NVIDIA-Merlin / Merlin

NVIDIA Merlin is an open source library providing end-to-end GPU-accelerated recommender systems, from feature engineering and preprocessing to training deep learning models and running inference in production.
Apache License 2.0
715 stars 111 forks source link

[BUG] CUDA context error #1079

Open ngocuyen1207 opened 8 months ago

ngocuyen1207 commented 8 months ago

Bug description

The code only runs on one GPU instead of multiple GPUs when it is on a .py file. When I use a jupyter notebook, there is no problem. It shows a warning: 2023-11-02 14:51:33,718 - distributed.comm.ucx - WARNING - Worker with process ID 3666900 should have a CUDA context assigned to device 1 (b'GPU-969c643a-e088-20fd-2b92-f8369b3da310'), but instead the CUDA context is on device 0 (b'GPU-6fbed52c-1fae-3eec-431d-dbc3c81e26a3'). This is often the result of a CUDA-enabled library calling a CUDA runtime function before Dask-CUDA can spawn worker processes.
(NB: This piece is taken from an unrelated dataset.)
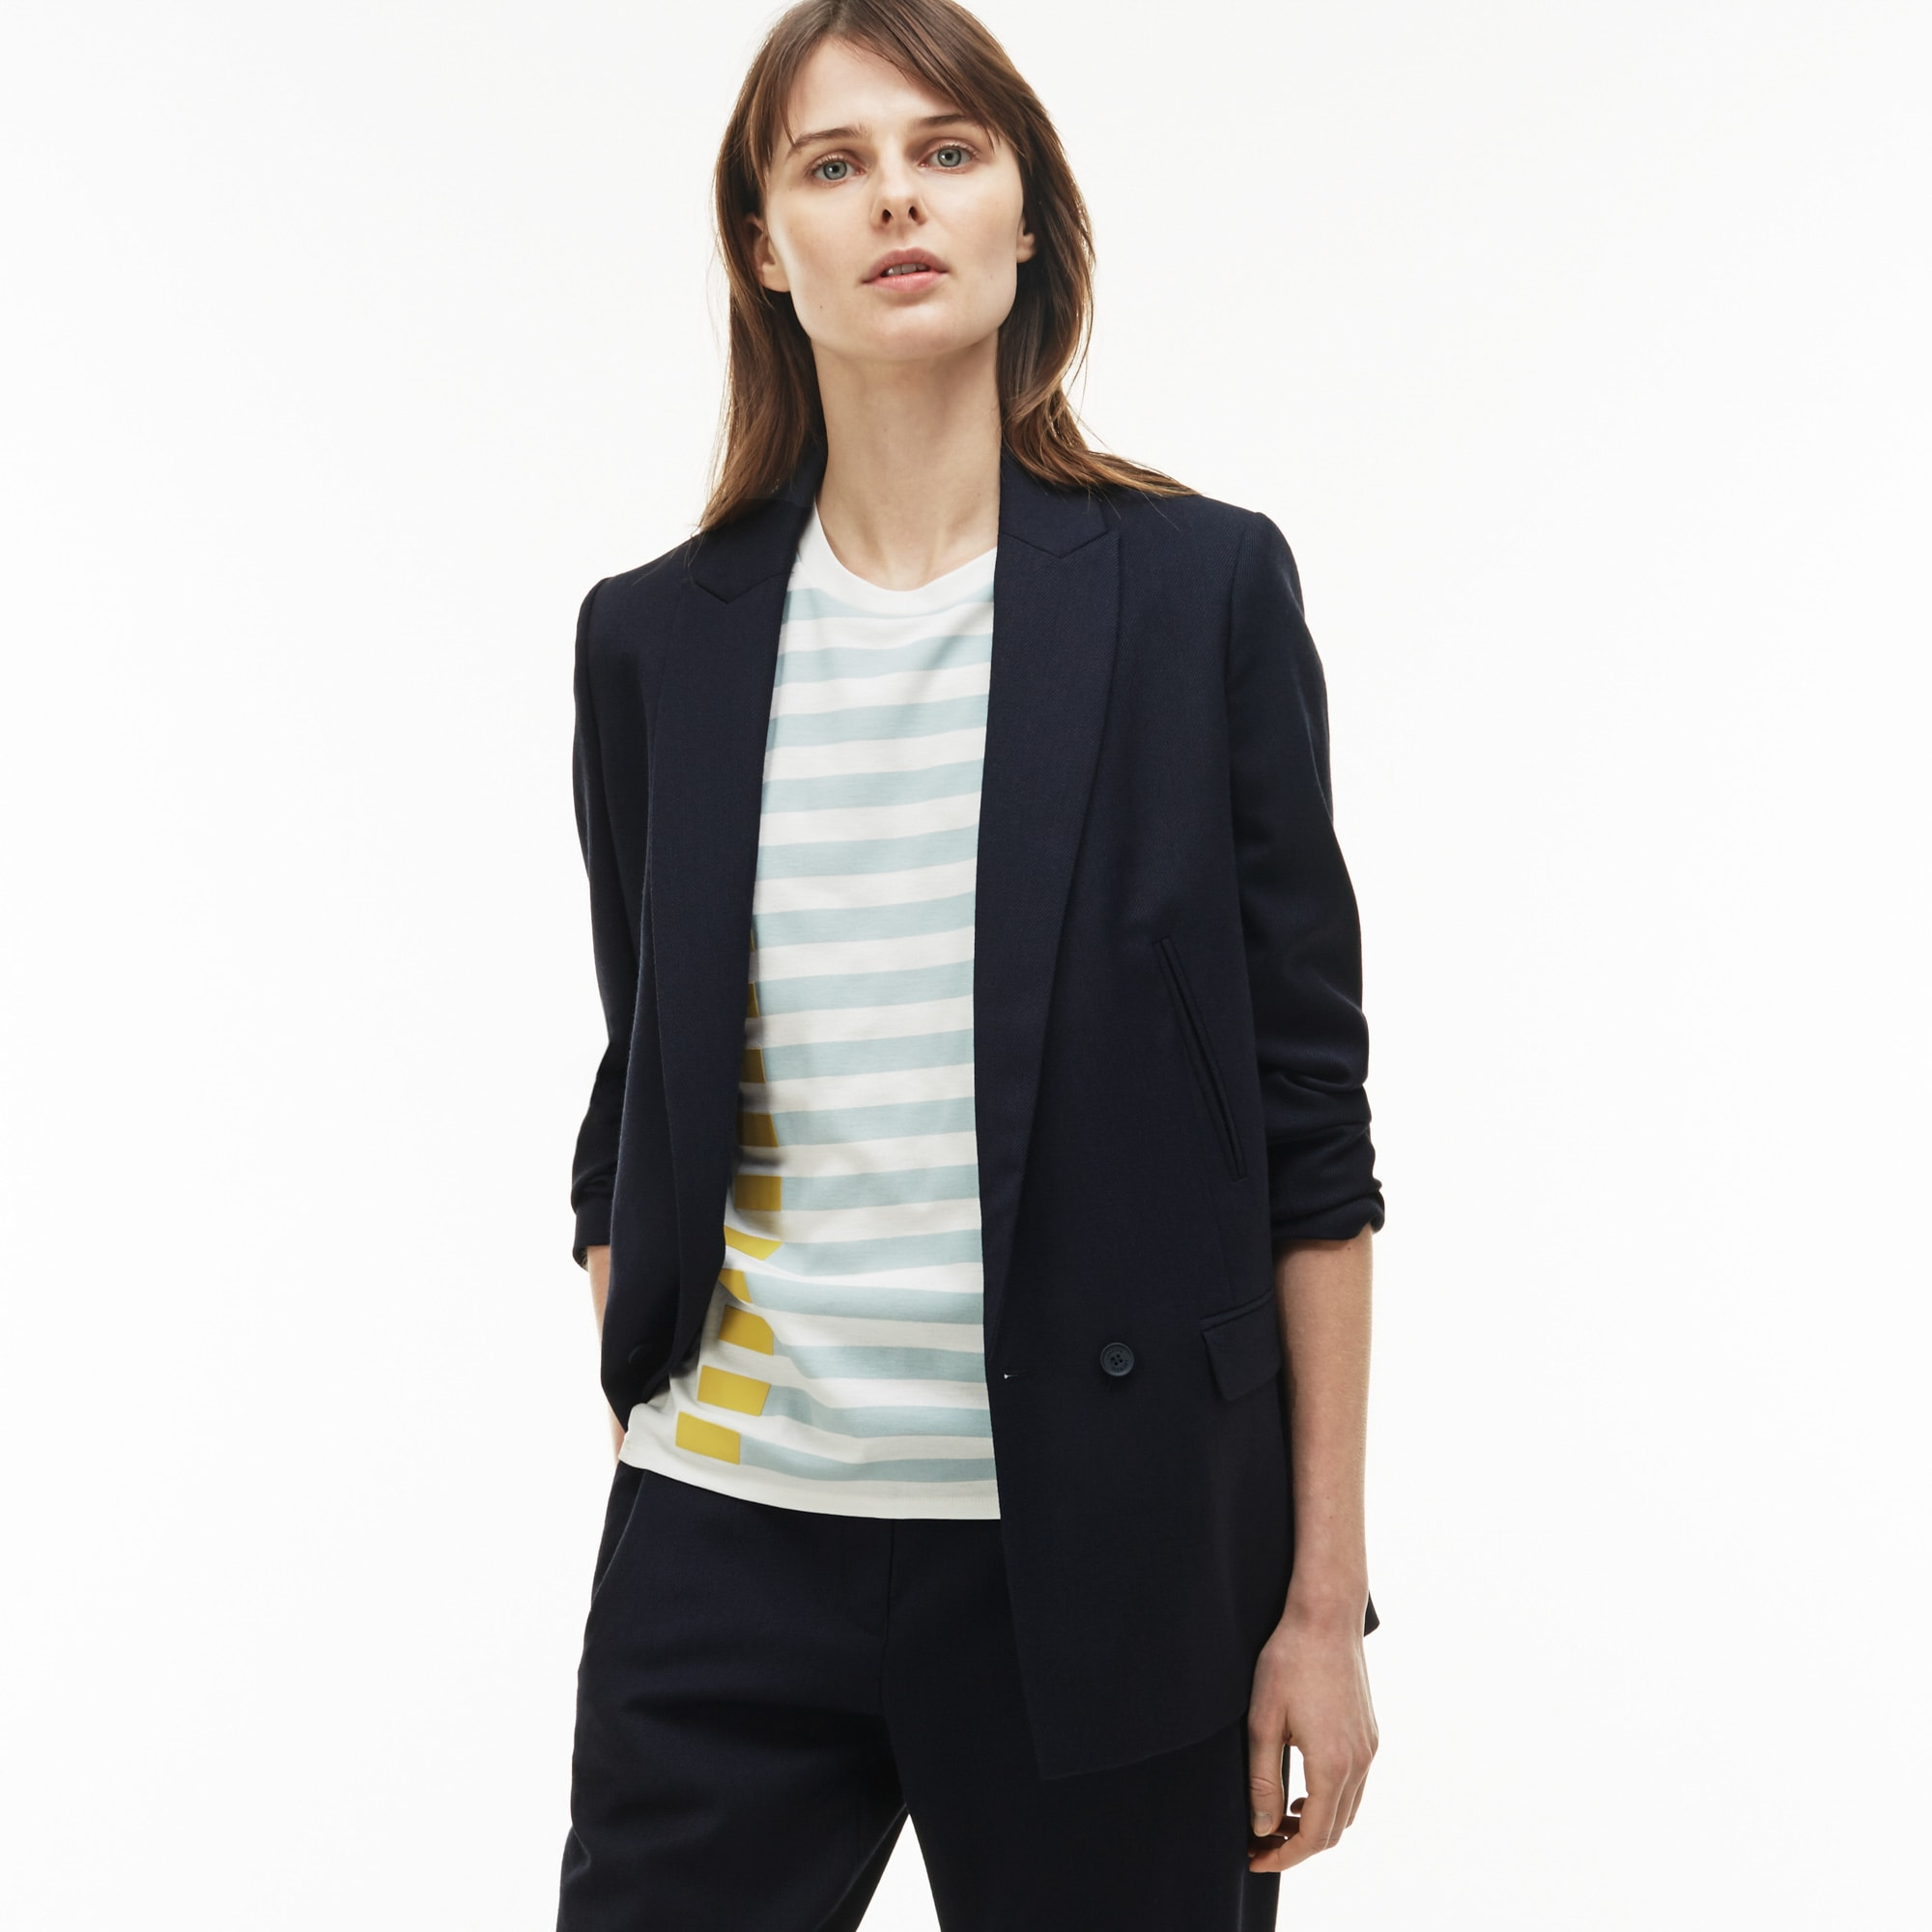 Women's Straight Cut Buttoned Wool Piqué Jacket
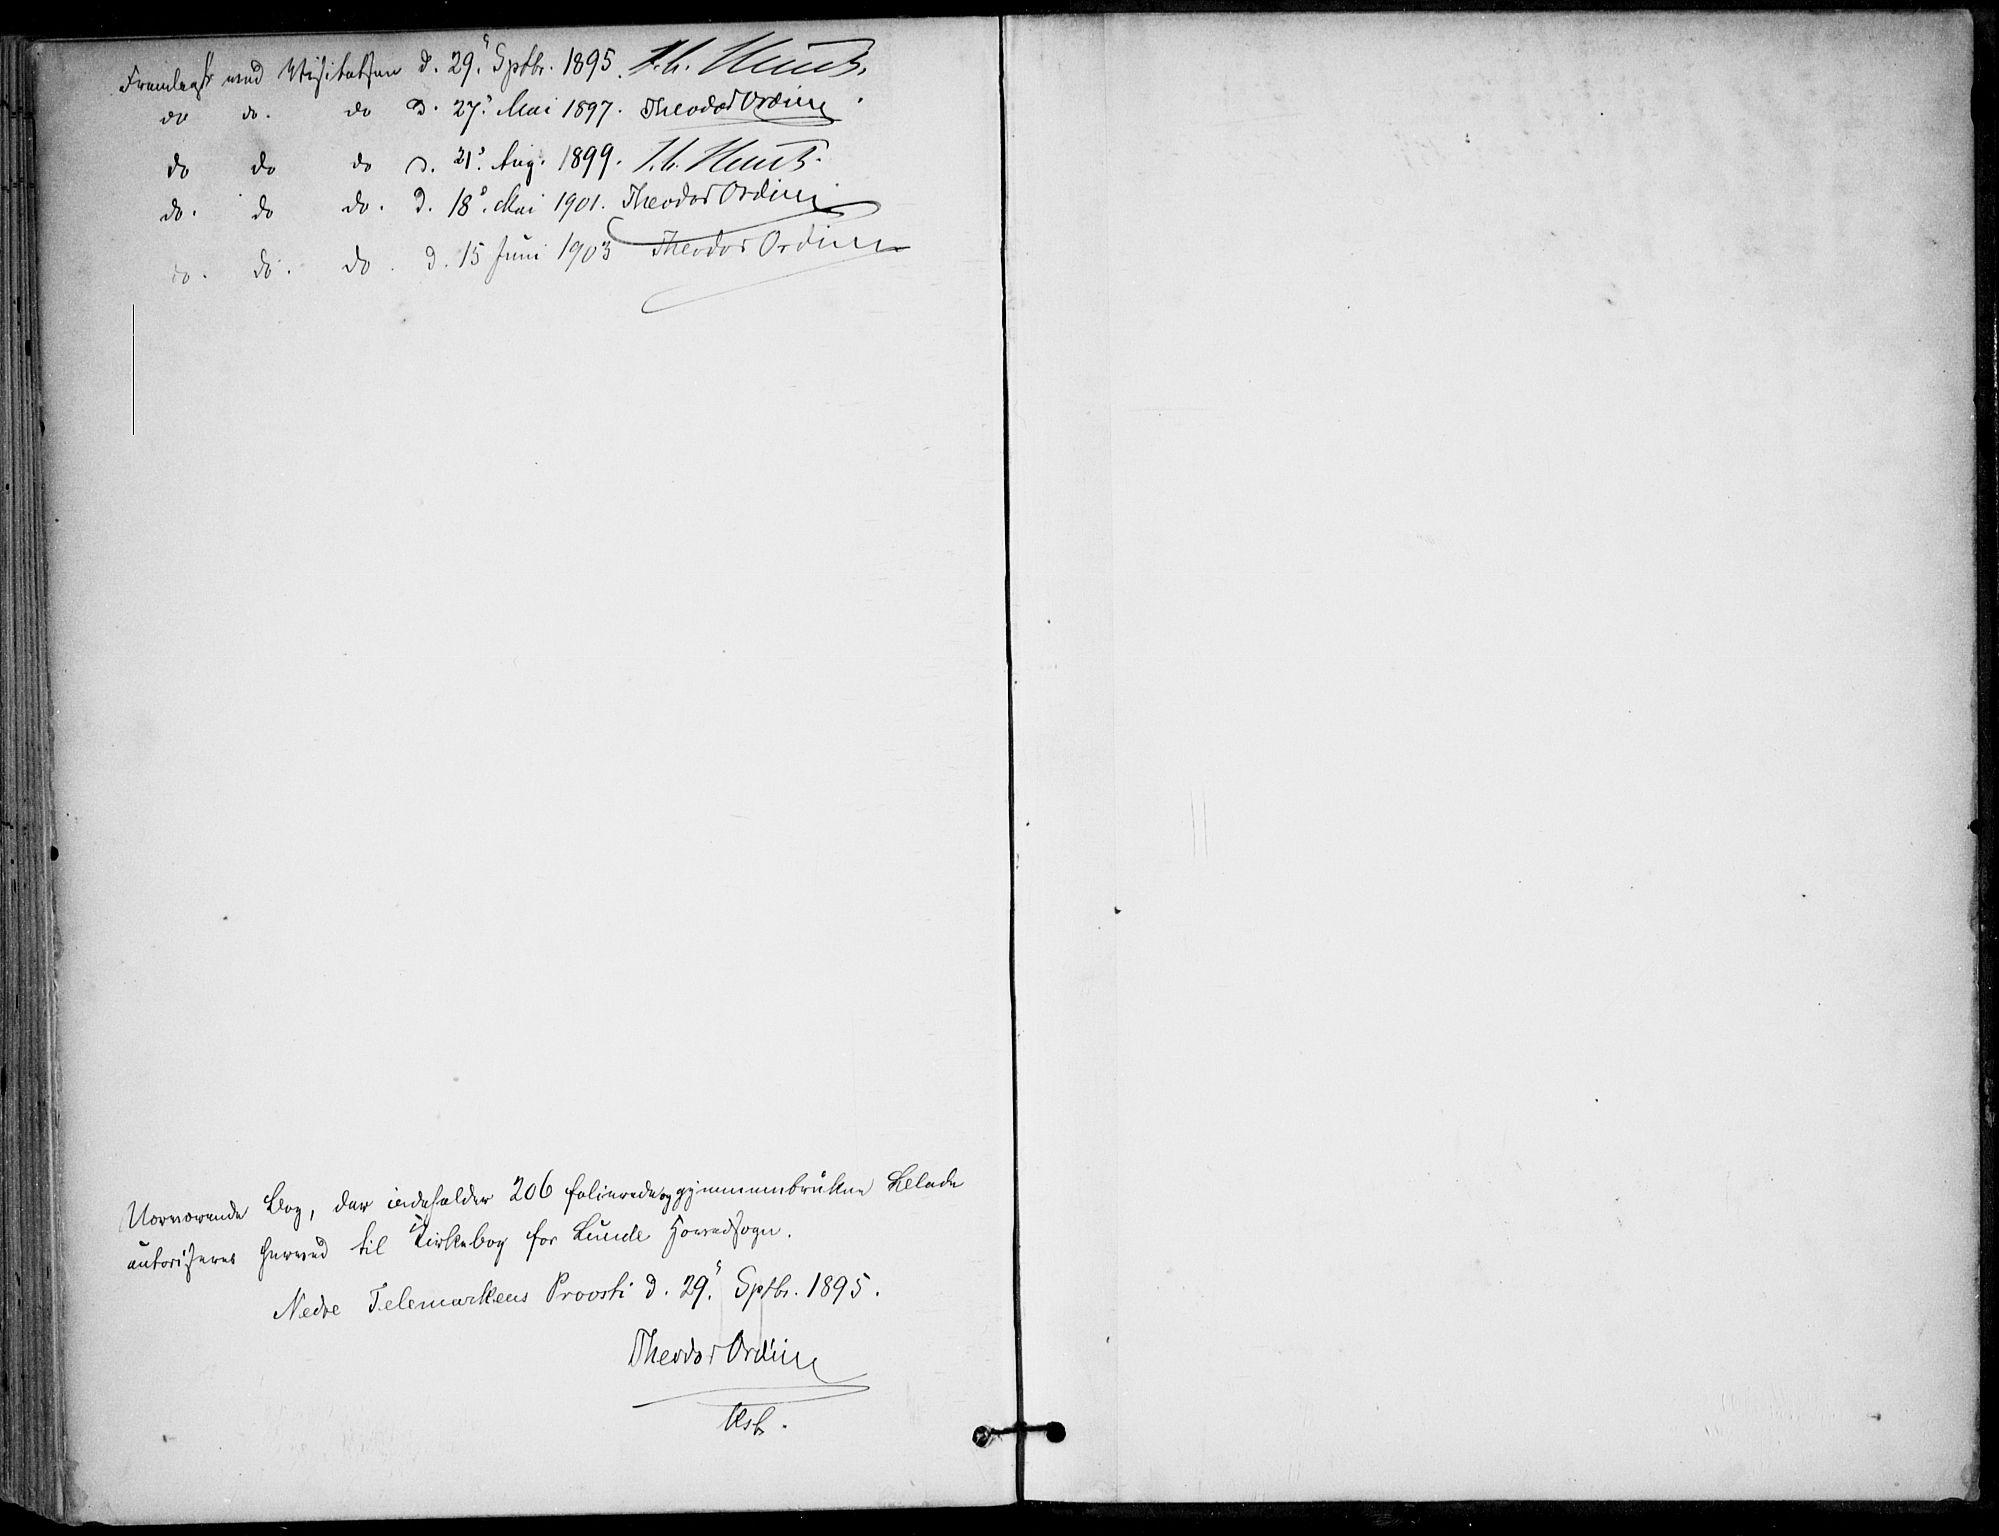 SAKO, Lunde kirkebøker, F/Fa/L0003: Ministerialbok nr. I 3, 1893-1902

Please make sure any such function calls don't happen at import time or in the global scope of a program.

Code to reproduce bug

from merlin.core.utils import Distributed
from multiprocessing import freeze_support

if __name__ == '__main__':
    freeze_support()
    with Distributed():
        print('hi')    

Environment details

jperez999 commented 7 months ago

Hello @ngocuyen1207 , please try to run on an updated version of python. We are tightly coupled to the rapids ecosystem and support for python 3.8.0 was dropped a while back, please refer to: https://docs.rapids.ai/install. Let us know if you still experience the same issue with upgraded python.